Normal and abnormal heme biosynthesis. 6. Synthesis and metabolism of a series of monovinylporphyrinogens related to harderoporphyrinogen. Further insights into the oxidative decarboxylation of porphyrinogen substrates by coproporphyrinogen oxidase.

A series of vinylporphyrinogens were prepared to probe the enzyme coproporphyrinogen oxidase (CPO). Six (2-chloroethyl)porphyrins were synthesized from a common dipyrrylmethane via a,c-biladiene intermediates in excellent yields. Subsequent dehydrohalogenation with DBU in refluxing DMF then gave the required vinylporphyrin methyl esters, including harderoporphyrin-I, harderoporphyrin-III, and isoharderoporphyrin. The corresponding porphyrinogen carboxylic acids were incubated with chicken red cell hemolysates, which contain the enzyme CPO, and the products analyzed. The 17-ethyl analogue of harderoporphyrinogen-III, but not its 13-ethyl isomer, was shown to be an excellent substrate for CPO in accord with a proposed model for the active site of this enzyme. In addition, harderoporphyrinogen-VII, the monovinyl intermediate in the metabolism of coproporphyrinogen-IV, was shown to be an equally good substrate for this enzyme. However, isoharderoporphyrinogen, which lacks the correct ordering of peripheral substituents, was also a substrate for CPO. Furthermore, a nonnatural type I isomer of harderoporphyrinogen was shown to be acted on by CPO, but in this case further metabolism was noted and this afforded an unprecedented trivinyl porphyrinogen product. The corresponding porphyrin methyl ester was isolated and characterized by FAB MS and proton NMR spectroscopy. The results from these studies allow the binding requirements of CPO to be further assessed and provide a series of substrates to investigate this poorly understood enzyme.

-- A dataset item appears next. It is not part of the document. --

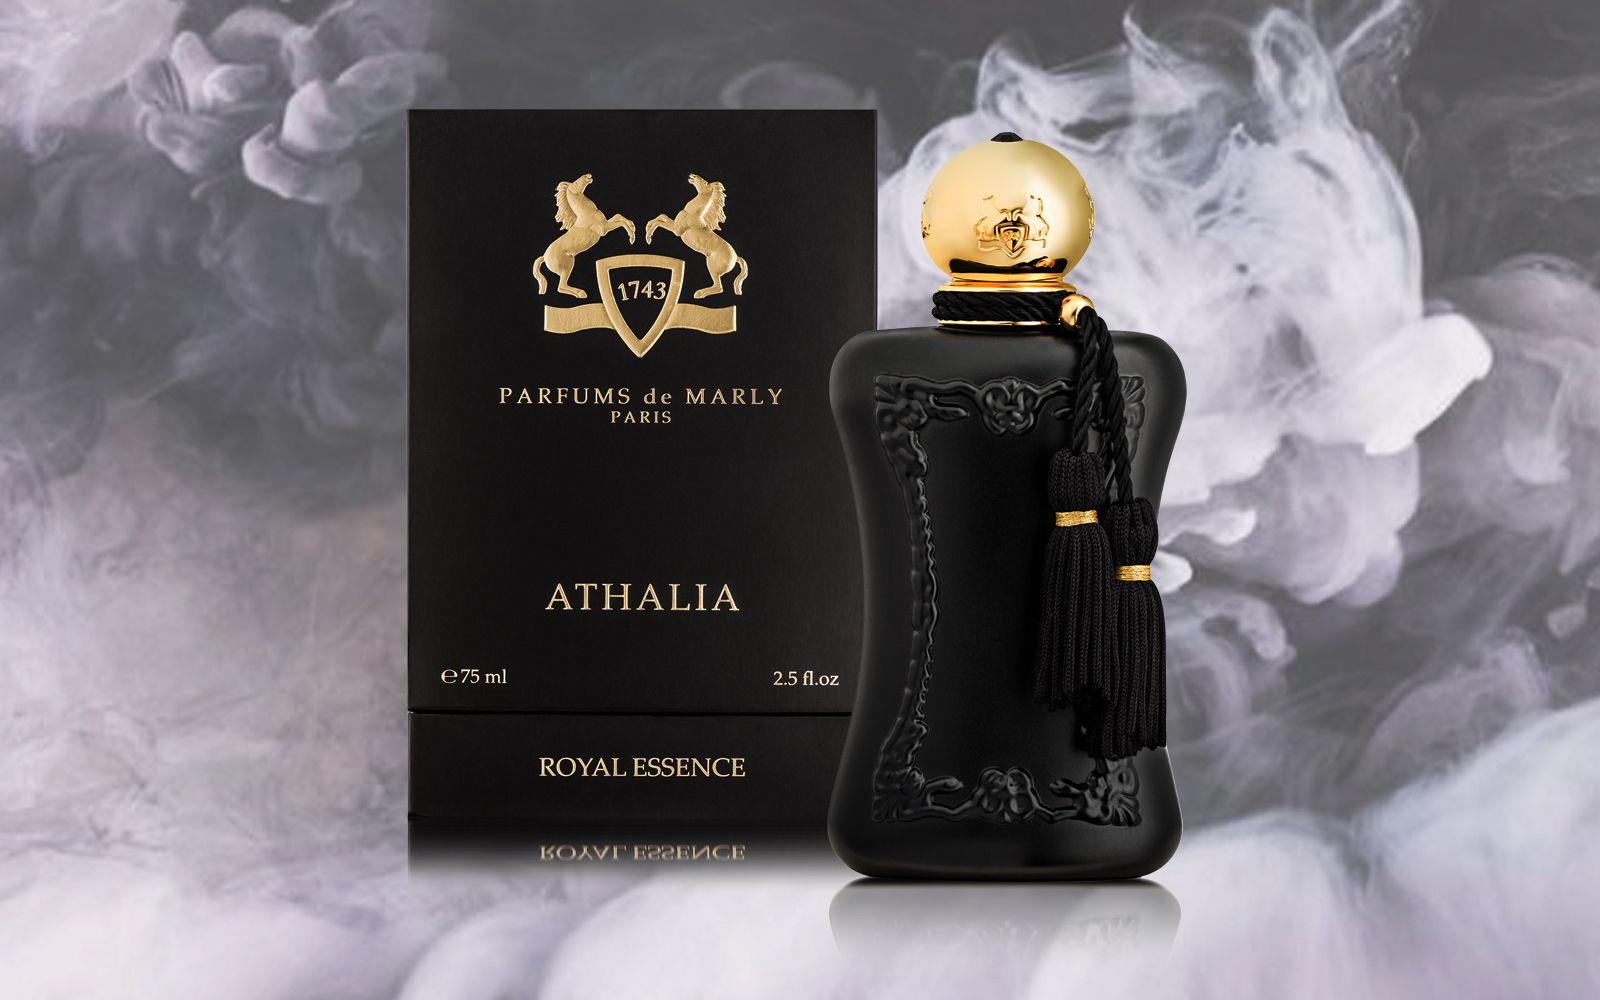 Athalia Une Essence Royale Pour Vous Parfumer Durant Les Plus Belles Occasions Lefashionpost Webzine Marly Athalia Williamarlo Parfum Shopping Essence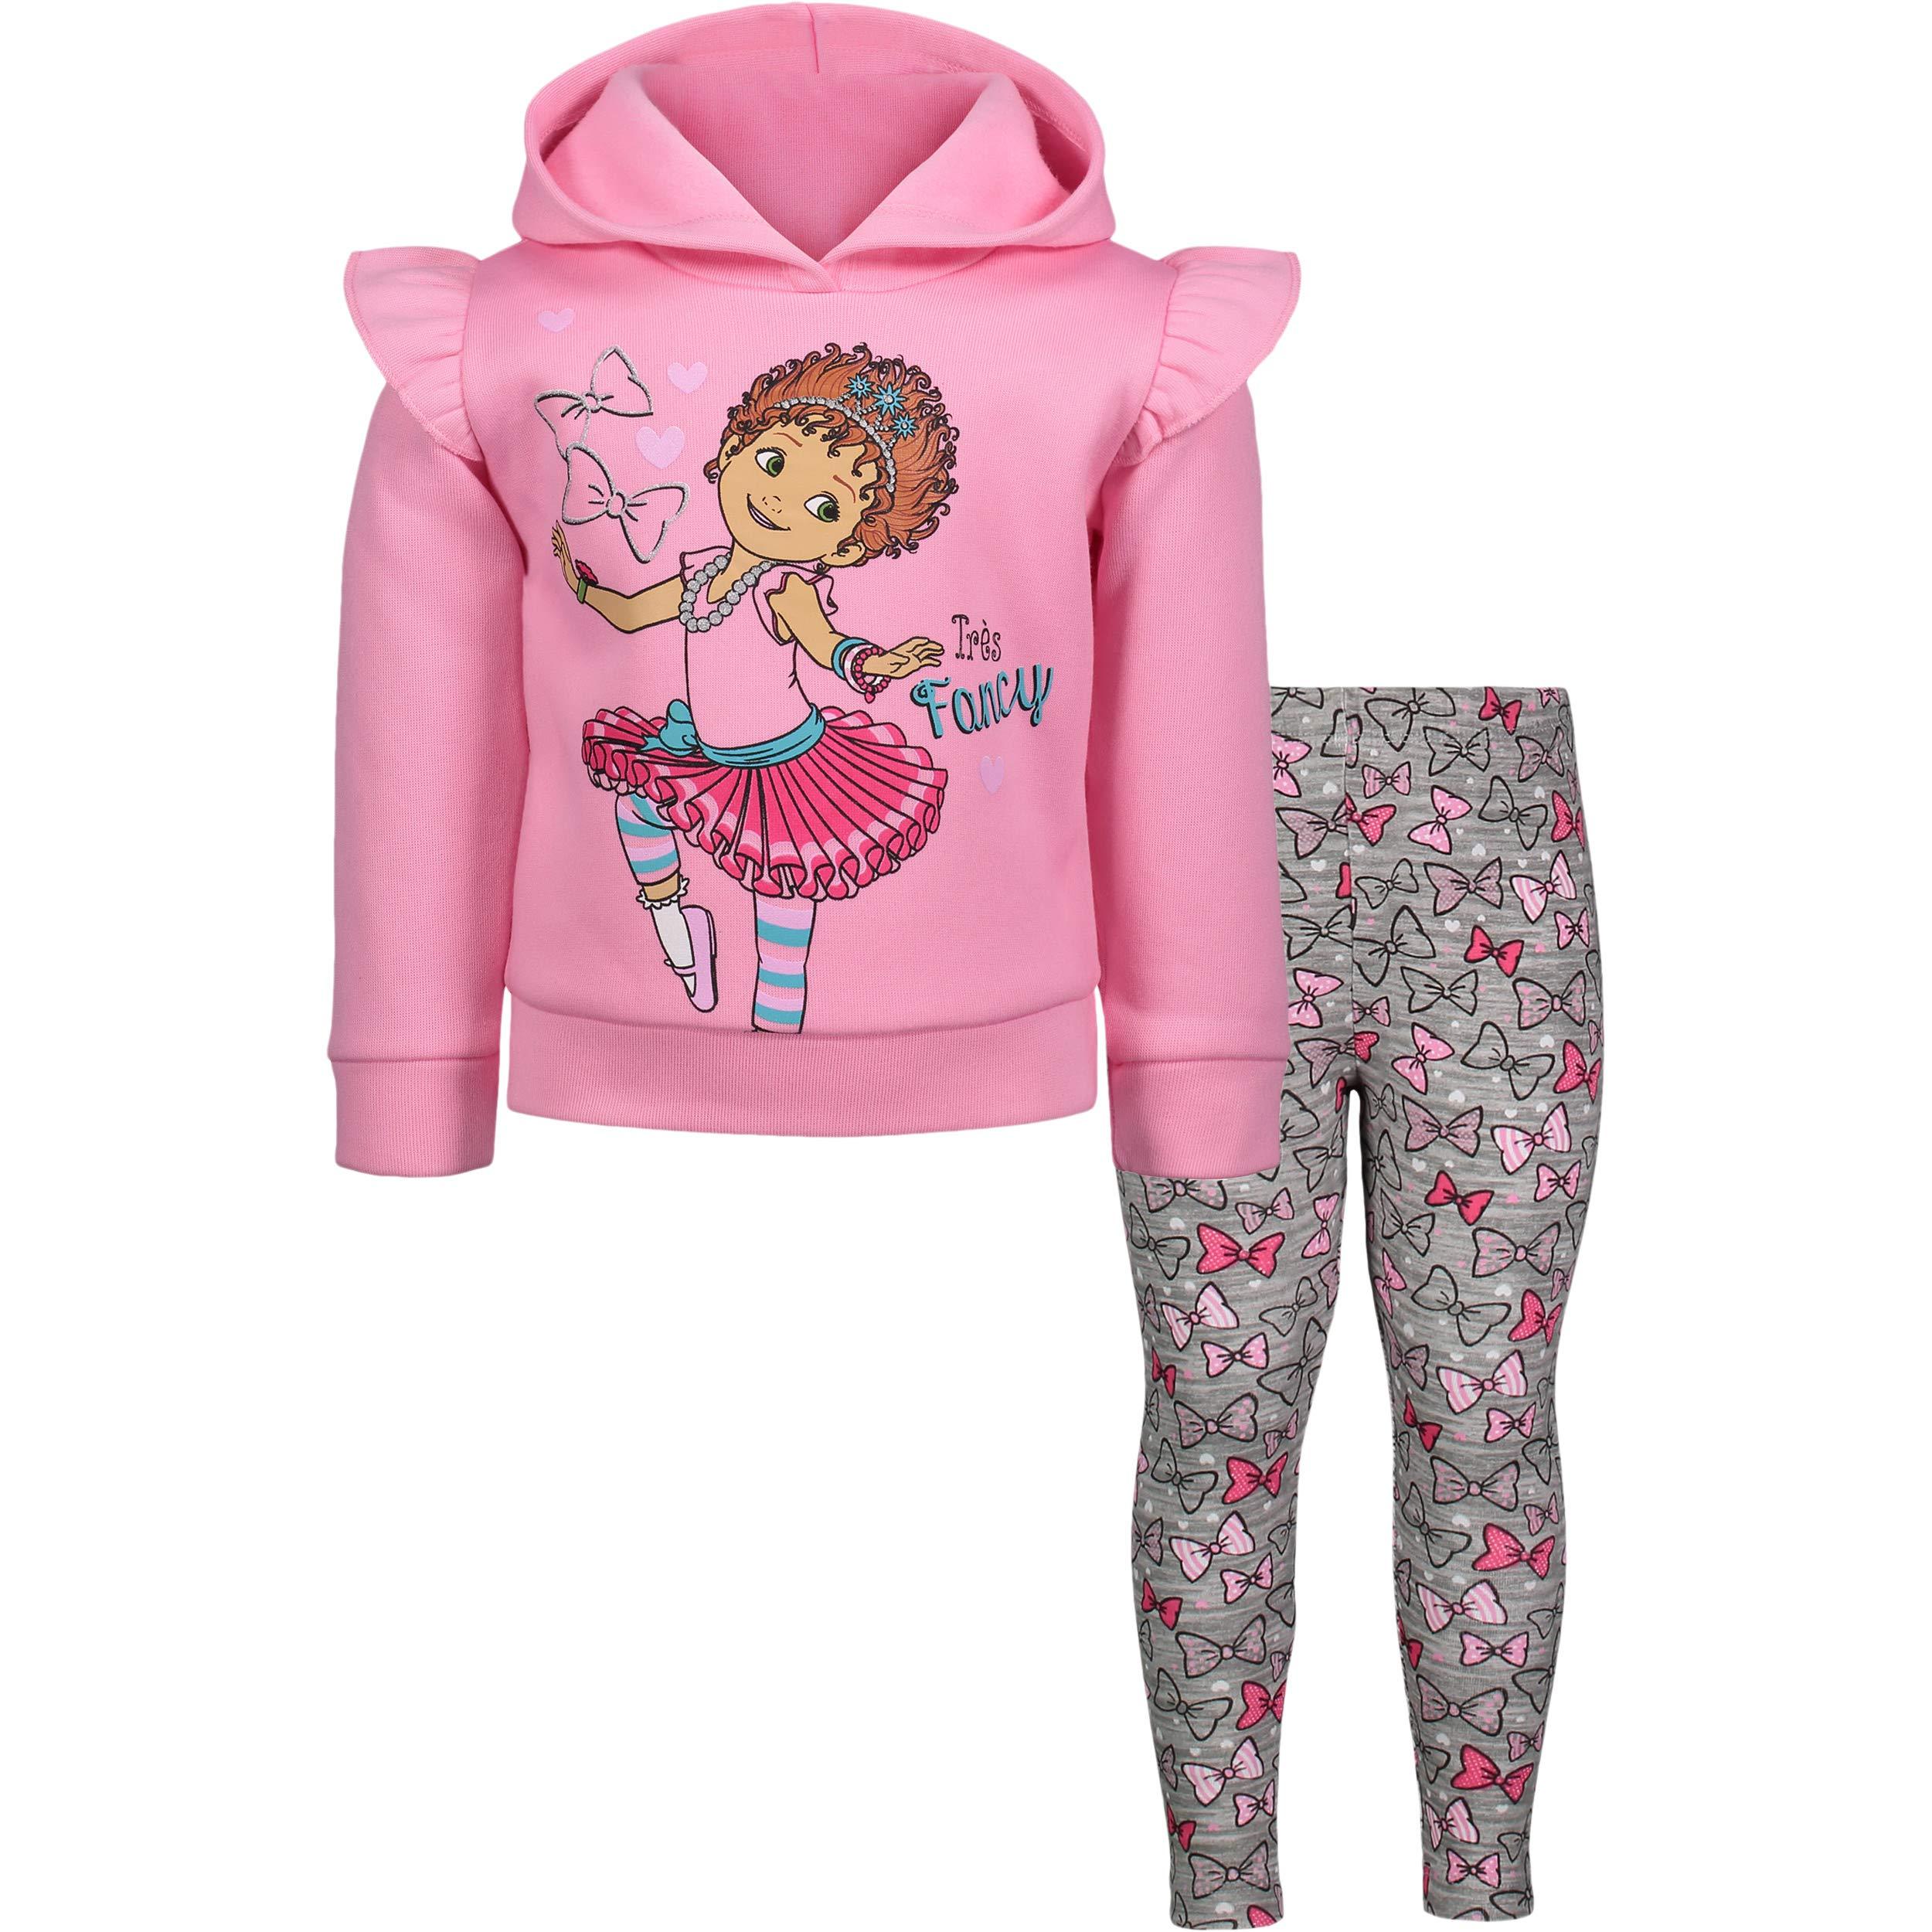 Disney Fancy Nancy Girls Fleece Pullover Hoodie and Leggings Set

Unprecedented overmetabolism of a porphyrinogen substrate by coproporphyrinogen oxidase.

Harderoporphyrinogen-I is metabolized by avian hemolysate preparations of coproporphyrinogen oxidase to give a trivinylic product; this unprecedented 'overmetabolism' of the porphyrinogen substrate provides strong support for a proposed model of the active site of this poorly understood enzyme.